По возвращении домой, мы парились в бане, а после дед, блаженно прихлёбывая громче меня чай с душицей, рассказывал, словно анекдот, как воевал с фашистом. Всегда один и тот же случай, да сам же и посмеивался, довольно причмокивая.
Под Ленинградом в разведку пошли. На лыжах, в зимних маскхалатах. И на нейтральной полосе встретились с финскими разведчиками. Те тоже на лыжах и в маскировке, но о том, что перед ними враг, первыми скумекали советские бойцы, да всех без единого выстрела и повязали. Дед схватил одного финна за причинное место и пригрозил, будет дёргаться, вырвет ему самое дорогое, и возвращаться тому в родную Суоми будет уже незачем. Так шестеро разведчиков Красной армии, даже не перейдя линию фронта, притащили в расположение своего полка семерых языков противника.

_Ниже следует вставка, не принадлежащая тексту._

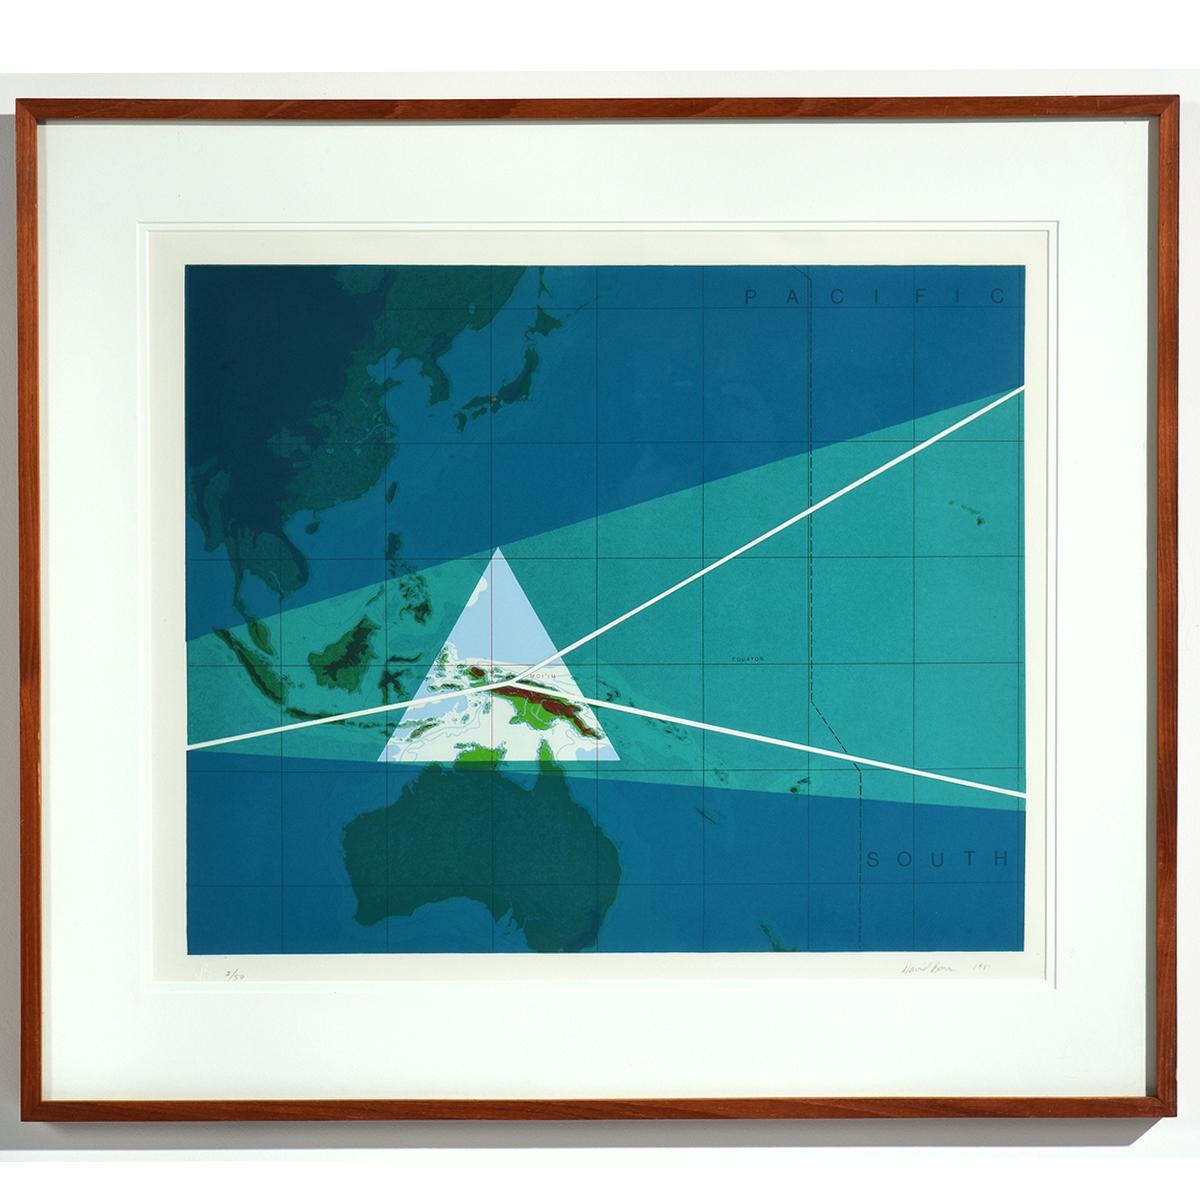 David Barr Landscape Print - "Four Corners Project" Mathematical Geography and Global Art Monograph in Blue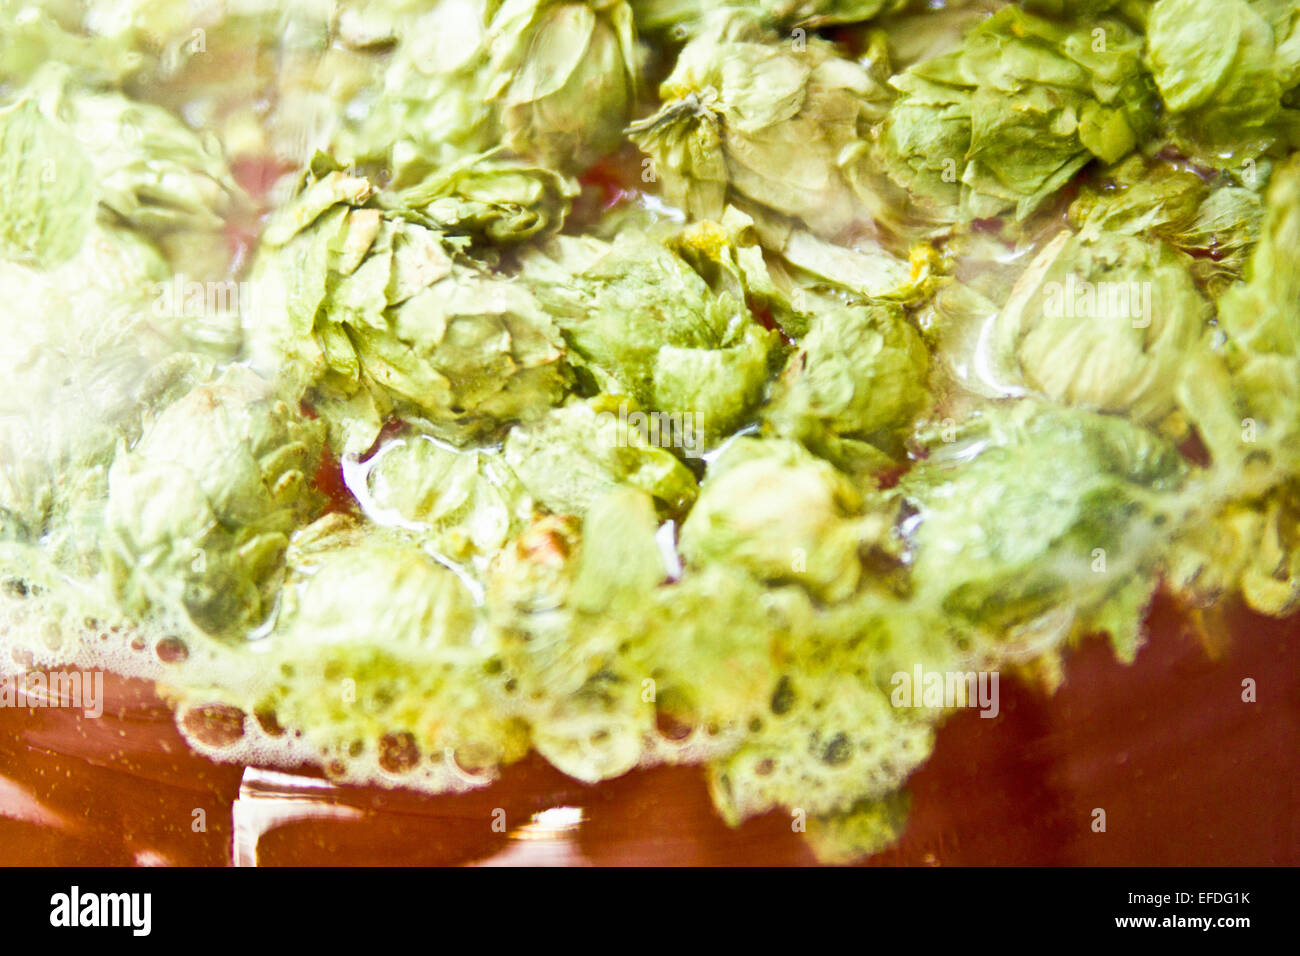 Hops floating in homebrewed Beer during Dry hopping Stock Photo

История из раза в раз обрастала новыми подробностями, но с неизменным окончанием, природа в Карелии, как и в Сибири, великолепна. Детская новогодняя сказка. Леса, озёра такие же, только холоднее. Я слушал и, улыбаясь, сильно сомневался, что случай в разведке был на самом деле, но других рассказов о войне у деда не водилось. Помню лишь, до жути он не любил лето, несмотря на то, что сытнее. Болота, комары с мошкой и всюду преследующий тебя смрад убитых да запах крови. «Не дай Бог, летом долю солдатскую спытать», – говорил старик, не ведая, что внуку его суждено встать в строй именно в июне да на две с половиной тысячи вёрст южнее северных лесов, в бескрайних выжженных степях. Там, где лето круглый год, а в короткие зимние месяцы почему-то осень и весна вперемешку. Ну, а как по-другому? Военкомату не прикажешь, когда и куда тебя загнать, отдавать Родине долг, который ты у неё не брал».
***
Увлёкшись чтением собственных записок сумасшедшего, как называл свой дневник, я не заметил вошедшего в санузел дежурного по роте.
– Вас там товарищ прапорщик зовёт, – громко объявил младший сержант и я, вздрогнув от внезапного испуга, захлопнул тетрадь.